2017-10-10 Thread Markus Trippelsdorf
On 2017.10.11 at 08:22 +0200, Paulo Matos wrote:
> 
> 
> On 11/10/17 06:17, Markus Trippelsdorf wrote:
> > On 2017.10.10 at 21:45 +0200, Paulo Matos wrote:
> >> Hi all,
> >>
> >> It's almost 3 weeks since I last posted on GCC Buildbot. Here's an update:
> >>
> >> * 3 x86_64 workers from CF are now installed;
> >> * There's one scheduler for trunk doing fresh builds for every Daily bump;
> >> * One scheduler doing incremental builds for each active branch;
> >> * An IRC bot which is currently silent;
> > 
> > Using -j8 for the bot on a 8/16 (core/thread) machine like gcc67 is not
> > acceptable, because it will render it unusable for everybody else.
> 
> I was going to correct you on that given what I read in
> https://gcc.gnu.org/wiki/CompileFarm#Usage
> 
> but it was my mistake. I assumed that for an N-thread machine, I could
> use N/2 processes but the guide explicitly says N-core, not N-thread.
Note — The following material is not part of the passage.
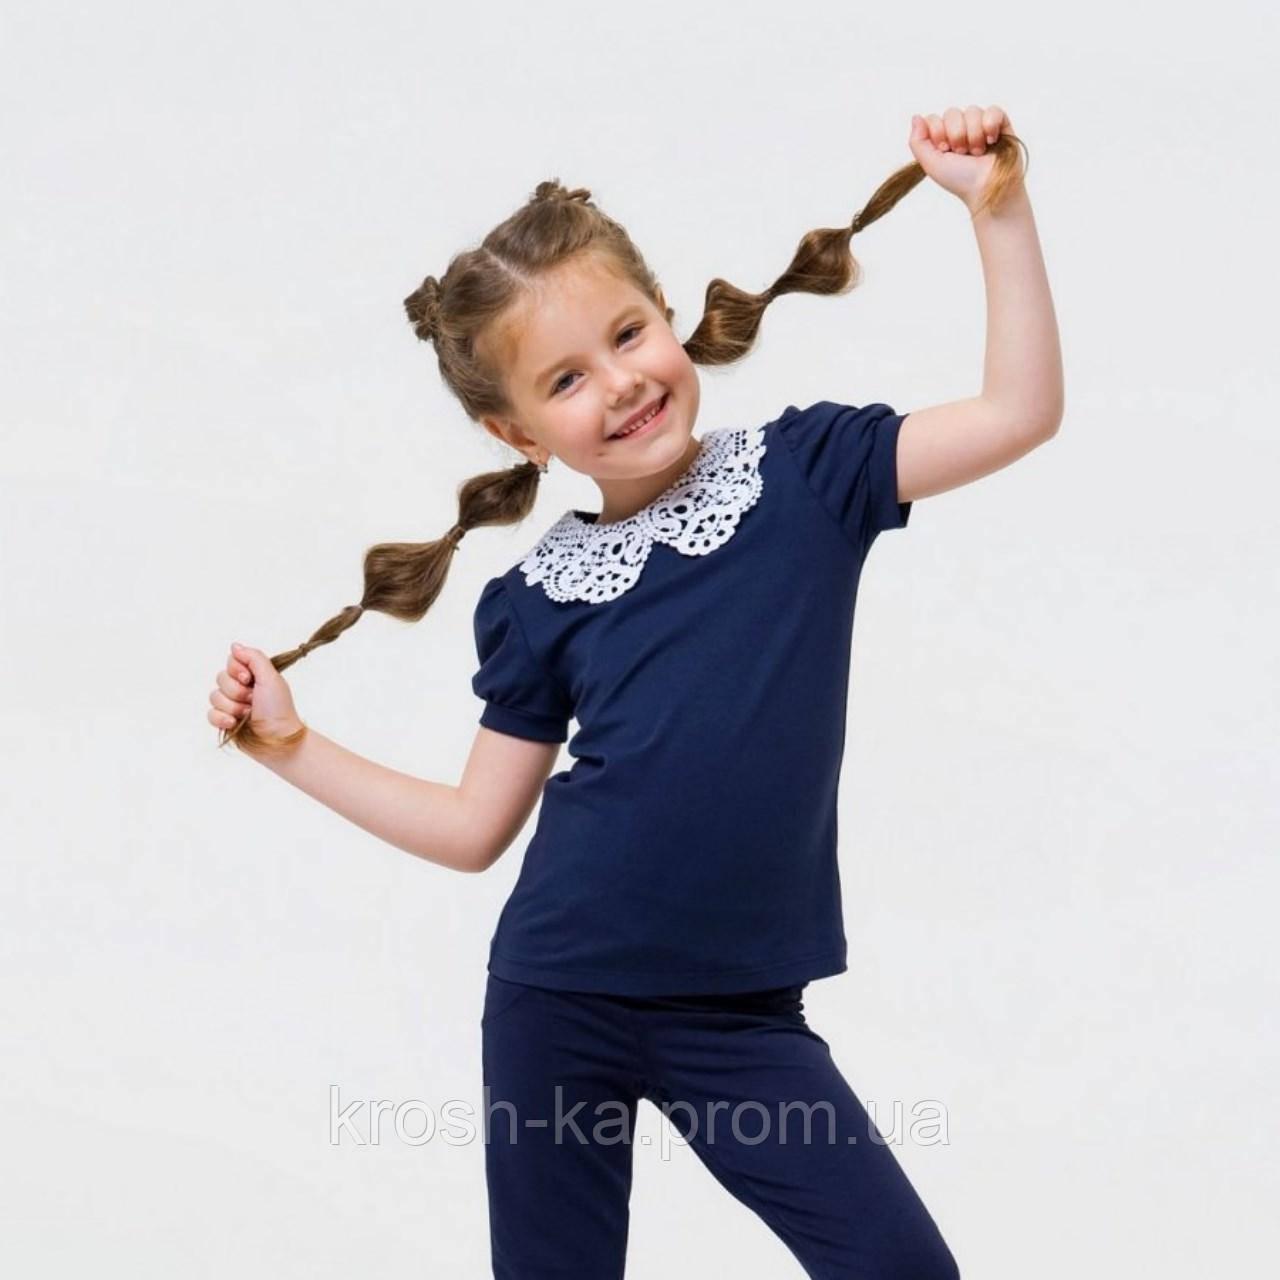 Блуза школьная для девочки короткий рукав синяя (128-140)р Smil(Смил) Украина 114763

> Therefore I should be using 4 processes for gcc67 (or 0 given what follows).
> 
> I will fix also the number of processes used by the other workers.

Thanks. And while you are at it please set the niceness to 19.

> > Also gcc67 has a buggy Ryzen CPU that causes random gcc crashes. Not the
> > best setup for a regression tester...
> > 
> 
> Is that documented anywhere? I will remove this worker.